Afortunadamente, quedan ya solamente seis días para que podamos descansar de la campaña electoral. En un mundo donde las posibilidades de comunicación e información nos sobrepasan, no deja de resultar sorprendente la repetida liturgia que todavía da cuerpo a nuestras campañas electorales y que, periódica y sistemáticamente, se desarrolla con motivo de los distintos comicios. Desde la "pegada" inicial de carteles, convertida ya con el paso del tiempo en atávico rito tribal, hasta esa innecesaria "jornada de reflexión" (¿reflexión sobre qué?) del día anterior a la votación, se nos bombardea con todo un despliegue de mensajes intrascendentes en vallas publicitarias, megafonía ruidosa por las calles, mítines trufados de retórica vacía, chascarrillos varios, descalificaciones personales contra el adversario y vanas o desmesuradas promesas programáticas. Por el contrario, los debates televisivos, que deberían constituir el medio más barato y eficaz de trasmitir a la ciudadanía las distintas ofertas y soluciones, son sistemáticamente rehuidos o, cuando se producen, se atienen a formatos rígidos y tediosos de los que poco provecho informativo y formativo puede obtener el electorado.

Tengo para mí que la ciudadanía soporta con indiferencia y con creciente desafección el tipo de campaña electoral a la que se nos somete y que agradecería una mayor altura de miras y una mayor seriedad intelectual por parte de políticos y candidatos. Quizá la clase política no se ha dado por enterada pero la opinión pública ha empezado a considerarla, tras la situación económica y el paro, como el tercer problema nacional. Es un hecho que no debe dejarnos indiferentes sino servir de estímulo, por el bien de nuestra salud democrática, para procurar que la brecha de distanciamiento y desafección de los ciudadanos hacia la política no siga agrandándose.

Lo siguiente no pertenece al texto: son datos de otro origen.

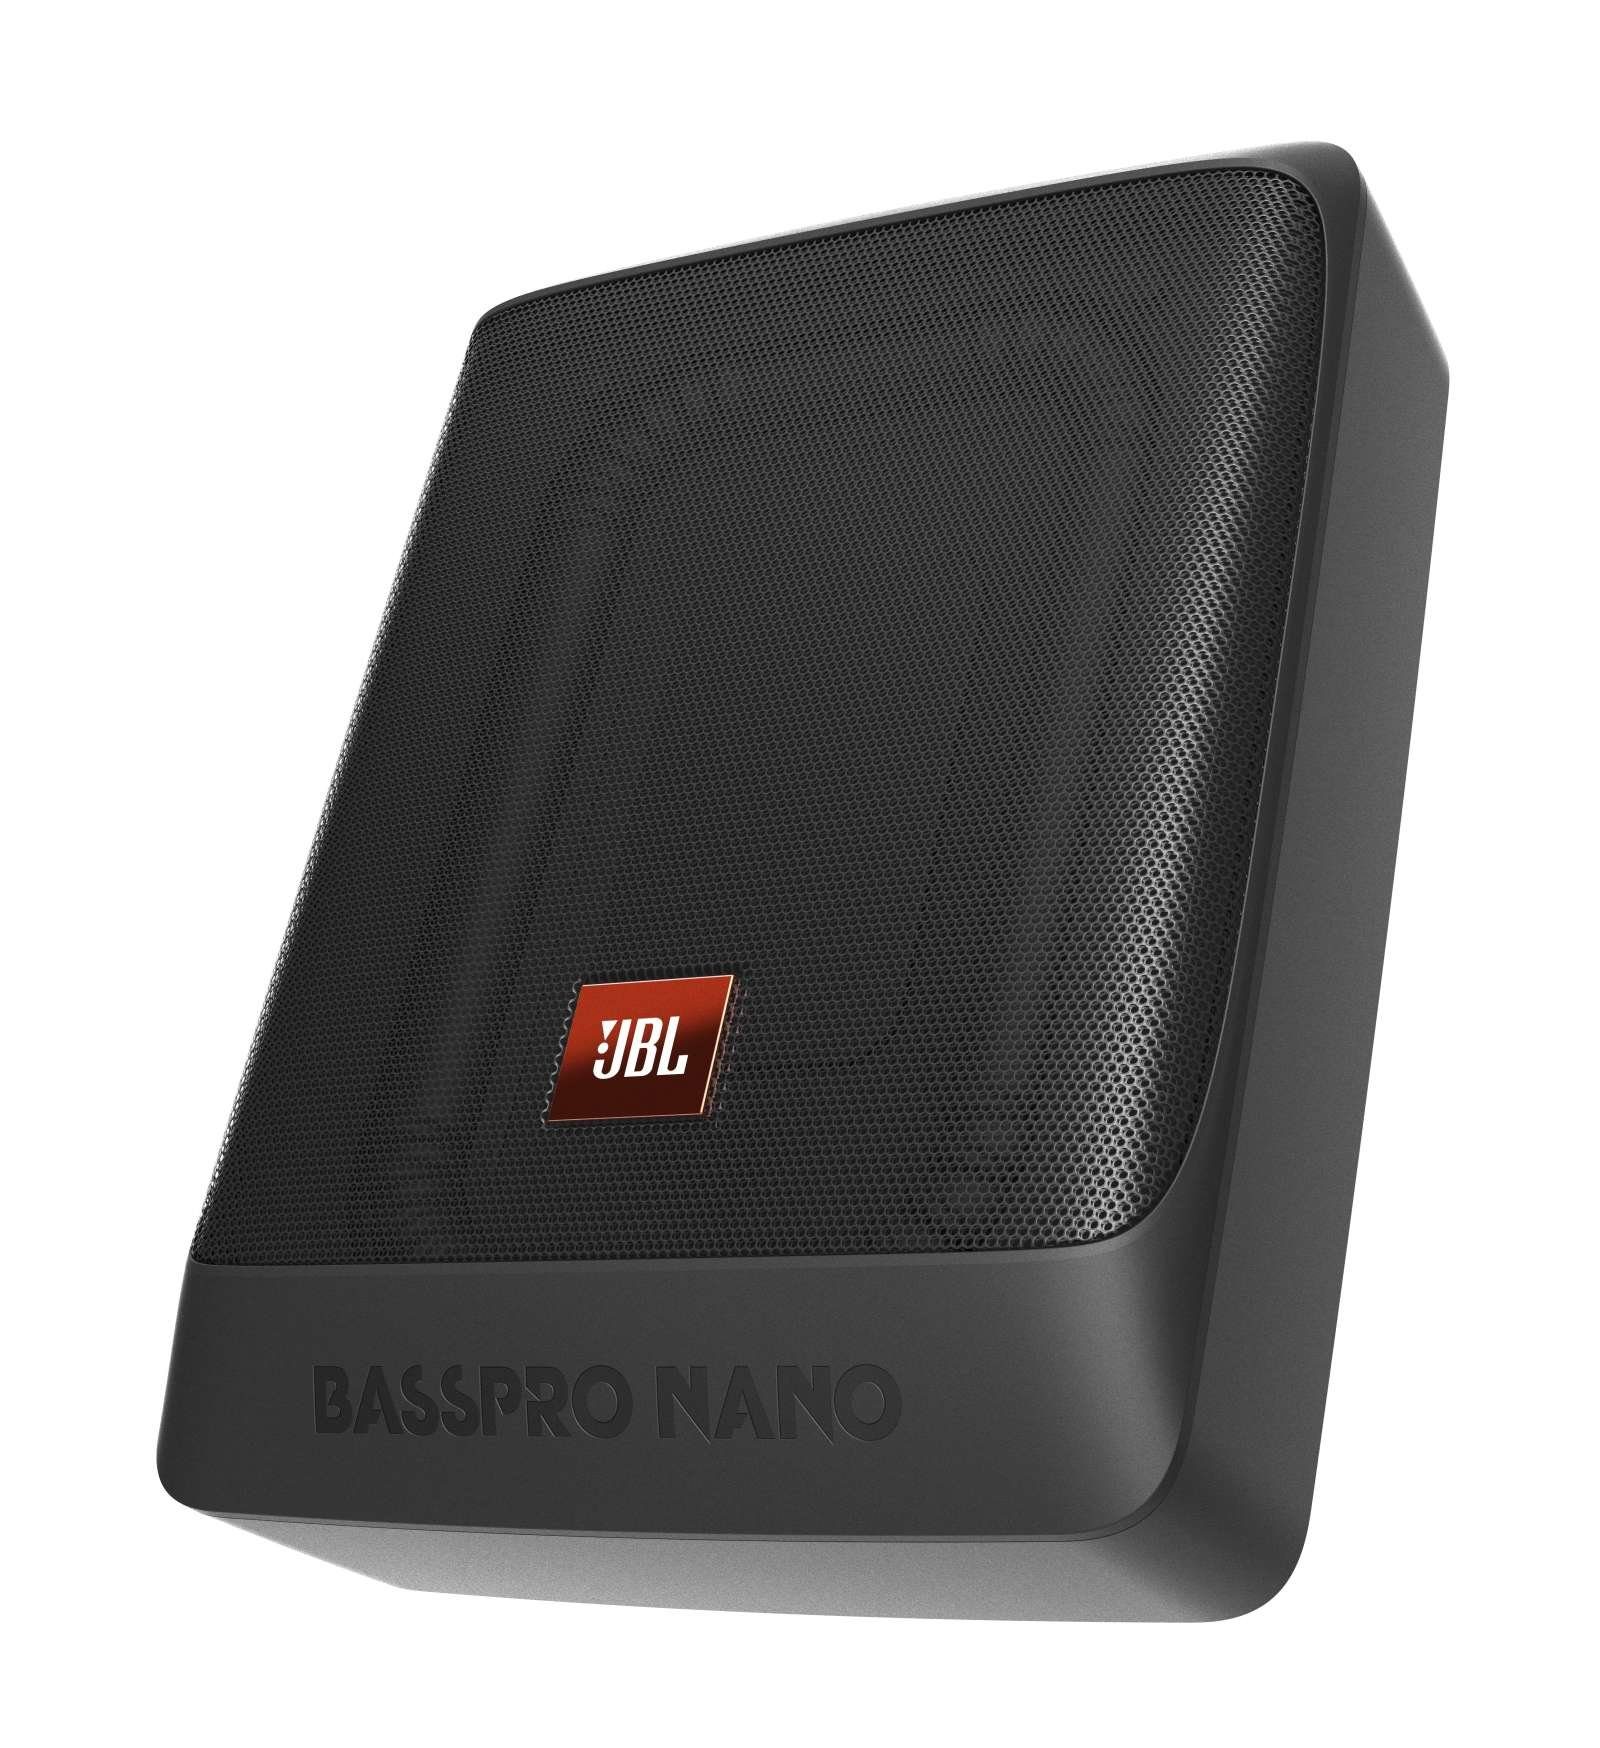 JBL JBL BassPro Nano AutoSubwoofer online kaufen OTTO

La actual campaña en nada contribuye a superar esa brecha. En la misma, aunque dentro de una tónica similar, observamos dos niveles: el correspondiente a los líderes nacionales y el asociado, teóricamente, a los ámbitos locales y autonómicos. Creo que hay una general aceptación de que son los factores y las expectativas de carácter nacional los que están condicionando las elecciones del 22-M, hasta el punto de convertirlas en una primera vuelta de las próximas elecciones legislativas. Pero esa circunstancia, lejos de propiciar un debate fructífero tendente a la aproximación de las dos grandes fuerzas políticas nacionales para afrontar con responsabilidad los graves retos económicos que tenemos planteados, está dando lugar a una estrategia de acusaciones mutuas respecto a los necesarios ajustes y sacrificios para superar dichos retos que va a deteriorar seriamente nuestra convivencia social. Da la impresión de que no se pretende alcanzar un consenso básico sobre las grandes reformas estructurales que en lo económico y en lo laboral se necesitan, y de que no se quieren compartir los costes políticos originados por las mismas. Corremos así el riesgo de deslizarnos hacia una situación de crispación y de confrontación social muy preocupante, similar a la que atraviesa Grecia en los momentos actuales.

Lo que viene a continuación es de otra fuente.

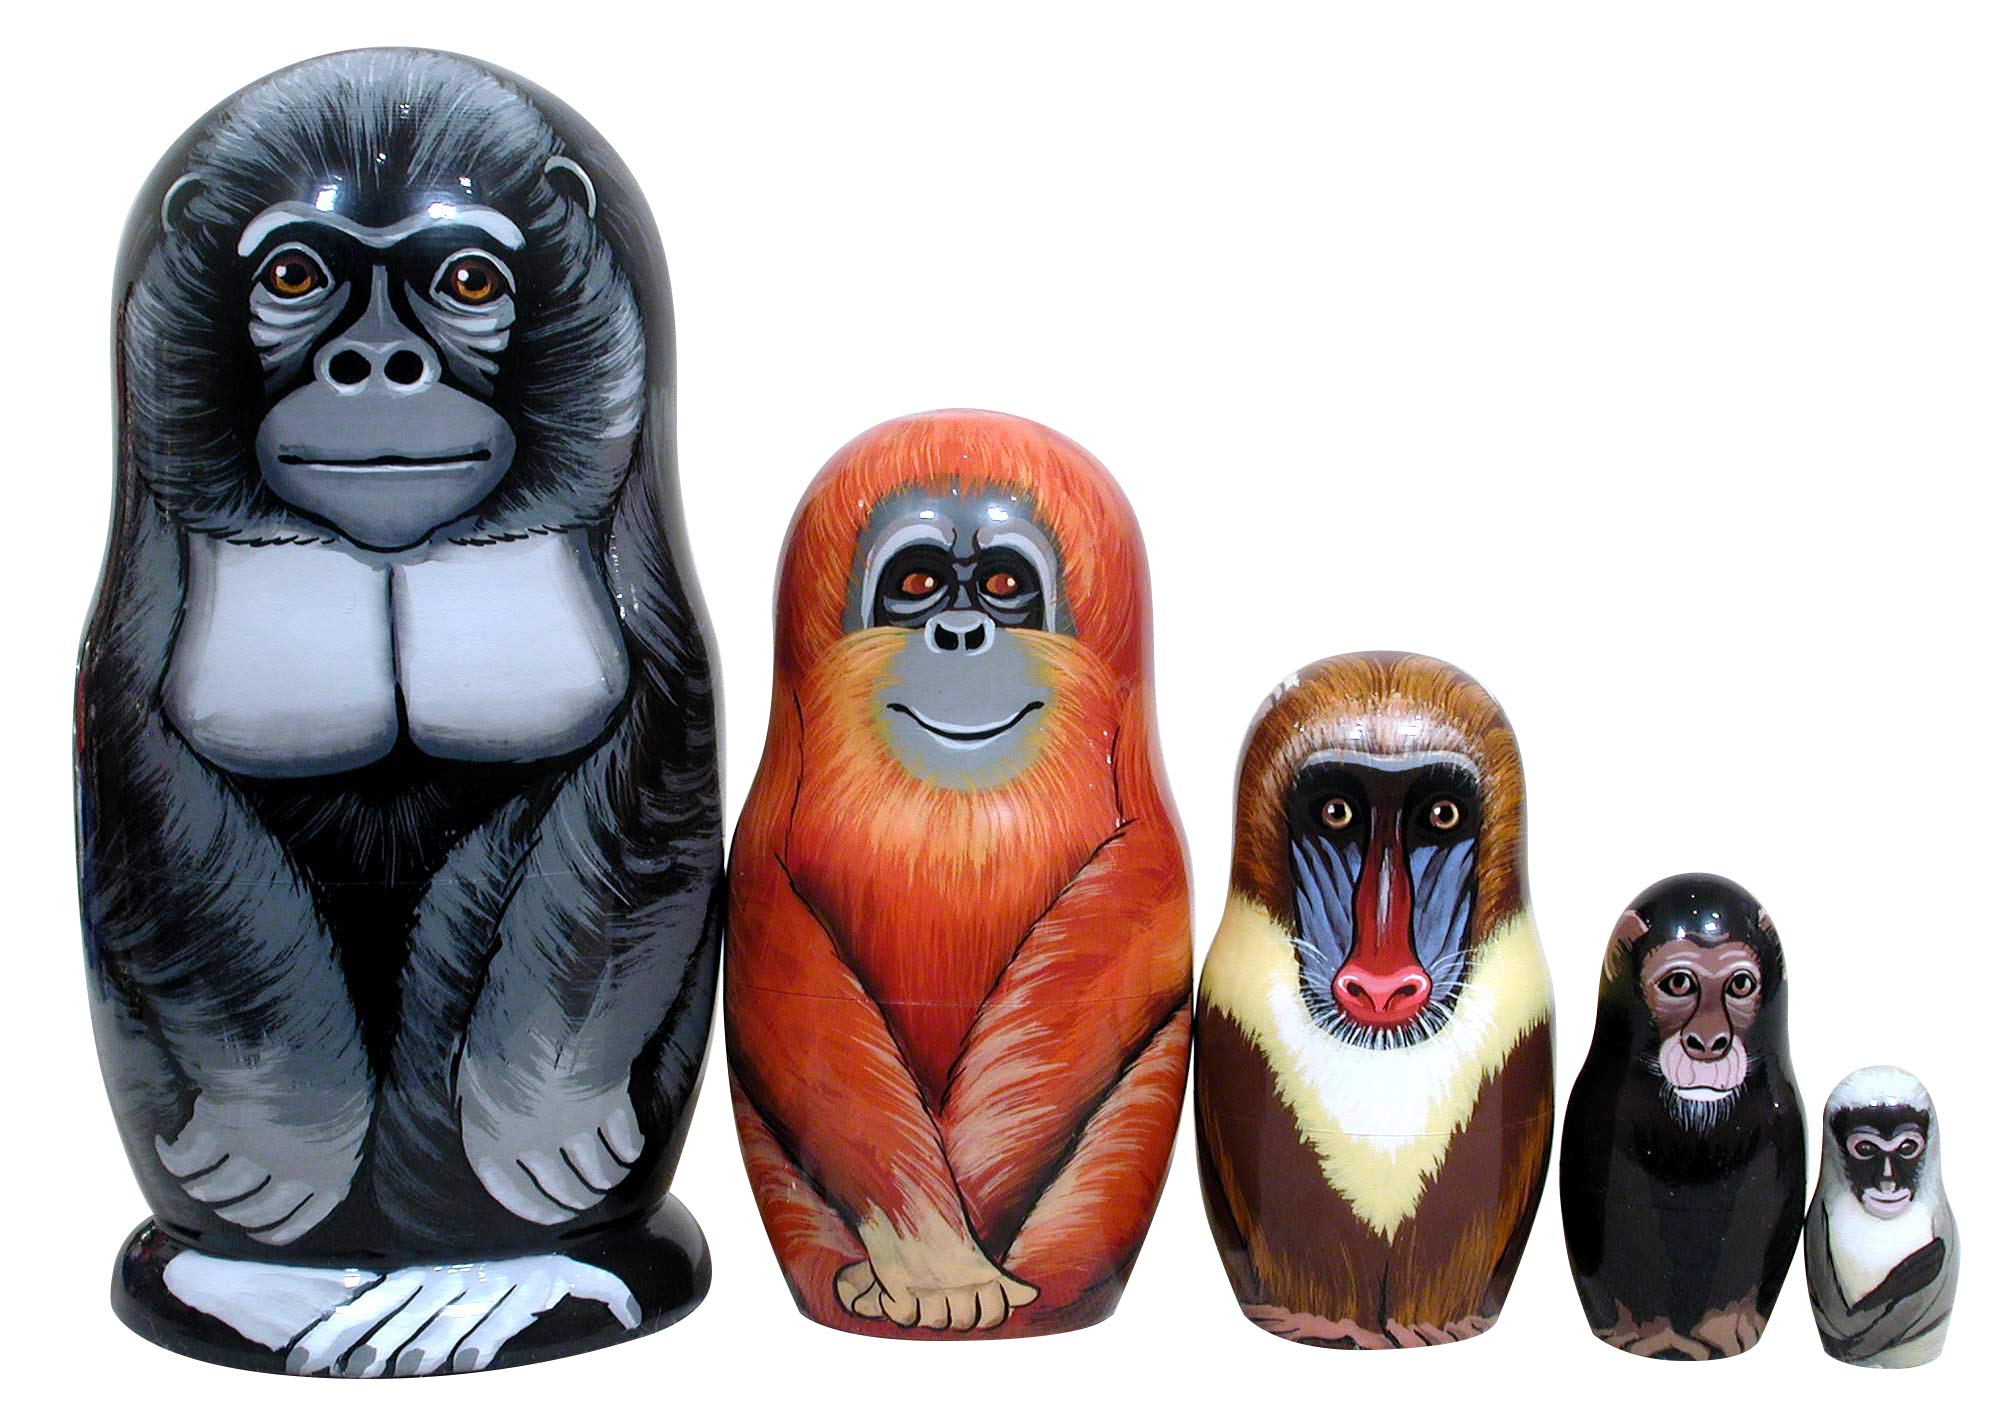 Buy Apes & Monkeys Nesting Doll 5pc./6" at GoldenCockerel.com

Si del ámbito nacional descendemos al autonómico y al local, contemplamos una misma carencia de sentido de la realidad y de percepción de la grave situación económica y de deterioro social por la que atravesamos. Un ligero repaso a los programas autonómicos y municipales nos deja boquiabiertos si tenemos en cuenta que en muchas de dichas administraciones no se puede atender el pago de los proveedores y se alcanzan niveles de endeudamiento difícilmente digeribles. El colapso de la recaudación provocado por la crisis económica va a obligar sin embargo, inexorablemente, a recomponer el funcionamiento y las atribuciones del Estado autonómico y de los ayuntamientos, víctimas de sus anteriores dispendios, de las duplicidades administrativas y de las ansias de acumulación de competencias. Pero partidos y candidatos -aunque es obligado reconocer que con mucha menor dosis de realismo por parte de los que ejercen la oposición- parece que no se enteran. Los programas electorales siguen prometiéndonos parques temáticos, centros culturales, creación de múltiples observatorios y consejos municipales con los que incrementar el gasto corriente, planes millonarios para infraestructuras y otra serie de iniciativas onerosas. ¿De dónde se obtendrán los recursos necesarios? ¿De un mayor endeudamiento que ha llegado o está llegando al límite? ¿De subidas de tasas e impuestos que estrangularán todavía más al consumidor y a la economía productiva? No se nos explica ni parece, en definitiva, que eso importe demasiado. Aquí no pasa nada: todos tan contentos y felices, y que siga la fiesta. La campaña parece efectivamente transportarnos a un estado de embriaguez programática en el que, salvo escasas excepciones, se confunden los deseos con la realidad. Pero esta última, no lo dudemos, acabará imponiéndose con toda su crudeza apenas terminen los efectos de la resaca.